I suspect the same. It makes a lot of sense.
Oh and am very sorry for your loss.


----------



## rnosky

Sorry man. I bought an Omega Constellation for my wife at that same store several years ago. Funny thing was there were multiple guards armed with Uzi's in the store. Too bad they weren't there for you.


----------



## Peterhe1229

I almost bought a watch for me wife as well in the same store. Good thing I didn’t cause that would’ve been something else. She did have her wallet stolen from be trunk at the same time as my watch. Luckily it was small amount of cash and her credit cards.


----------



## JOHN J.

What a violation of our humanity. What is wrong with a world in which someone can so brazenly rip you off? Again, sorry, and for your wife too.


----------



## soufiane

I have been to that store. They called me in April 2020 to pick up a Hulk, a datejust 41, a sub 41 and an explorer. I thought about it but declined the offer kindly 


Sent from my iPhone using Tapatalk


----------



## JorgeB

OMG, I live in Playa del Carmen!. Crime is ramping these days to be honest, I rarely wear any of my watches on the streets anymore. When I go to UltraJewels, I'm very paranoid since its located in 5th avenue and lot of eyes there. Since is a small town everything is very close and I feel I could be followed easily.
I've chosen to go all the way to Cancun to see or purchase watches because I feel a little safer.

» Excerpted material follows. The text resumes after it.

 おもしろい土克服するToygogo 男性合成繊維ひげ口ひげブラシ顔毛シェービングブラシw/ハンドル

Im sorry to hear that, may I ask, why did you leave your watch in your car? Was it parked? Did you leave the box where anyone can see through the glass?

Im asking because here is almost guaranteed if you leave any sort of bag or ipod/ipad in sight you'll most likely get a smashed window, I've had that happen twice, with a computer and with an ipod a long time ago.
If a burglar see a UJ bag inside the car is like jackpot for them.


----------



## BrendonM

I think violation of humanity is perhaps a little over the top.


JOHN J. said:


> What a violation of our humanity. What is wrong with a world in which someone can so brazenly rip you off? Again, sorry, and for your wife too.

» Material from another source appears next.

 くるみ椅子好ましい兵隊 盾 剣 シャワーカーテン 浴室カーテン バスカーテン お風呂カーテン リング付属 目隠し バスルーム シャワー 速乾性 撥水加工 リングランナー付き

It a property crime of opportunity, not genocide. Does suck though.


----------



## DonJ53

BrendonM said:


> It a property crime of opportunity


Nope, it was a planned crime.


----------



## Peterhe1229

JorgeB said:


> OMG, I live in Playa del Carmen!. Crime is ramping these days to be honest, I rarely wear any of my watches on the streets anymore. When I go to UltraJewels, I'm very paranoid since its located in 5th avenue and lot of eyes there. Since is a small town everything is very close and I feel I could be followed easily.
> I've chosen to go all the way to Cancun to see or purchase watches because I feel a little safer.
> 
> Im sorry to hear that, may I ask, why did you leave your watch in your car? Was it parked? Did you leave the box where anyone can see through the glass?
> 
> Im asking because here is almost guaranteed if you leave any sort of bag or ipod/ipad in sight you'll most likely get a smashed window, I've had that happen twice, with a computer and with an ipod a long time ago.
> If a burglar see a UJ bag inside the car is like jackpot for them.


Thanks Jorge,

long story short, we got the watch. Walked it to the car and I put it in the trunk (pushed it all the way to the back) Closed it very quickly and drove north along 5th Ave to eat lunch at a very popular area. Many many people walking around. Finished lunch and we walked back to the parking spot (which was less than 1 min away) to pick up beach things and add more time to parking. I opened the trunk to grab things for my wife. No more than 30 secs. I think someone may have spotted the watch at this point.


----------



## Peterhe1229

Happens right here, at 4:19pm. I still have the video


----------



## Peterhe1229

This is the lock on the driver side. You can see it’s damaged and def picked. This car was brand new from the rental.


----------



## taildraggerpilot

You left a Jeweler with an expensive watch, in broad daylight, in Mexico and then left it in your car, in broad daylight, in MEXICO.…. Come on man!


----------



## Peterhe1229

taildraggerpilot said:


> You left a Jeweler with an expensive watch, in broad daylight, in Mexico and then left it in your car, in broad daylight, in MEXICO.…. Come on man!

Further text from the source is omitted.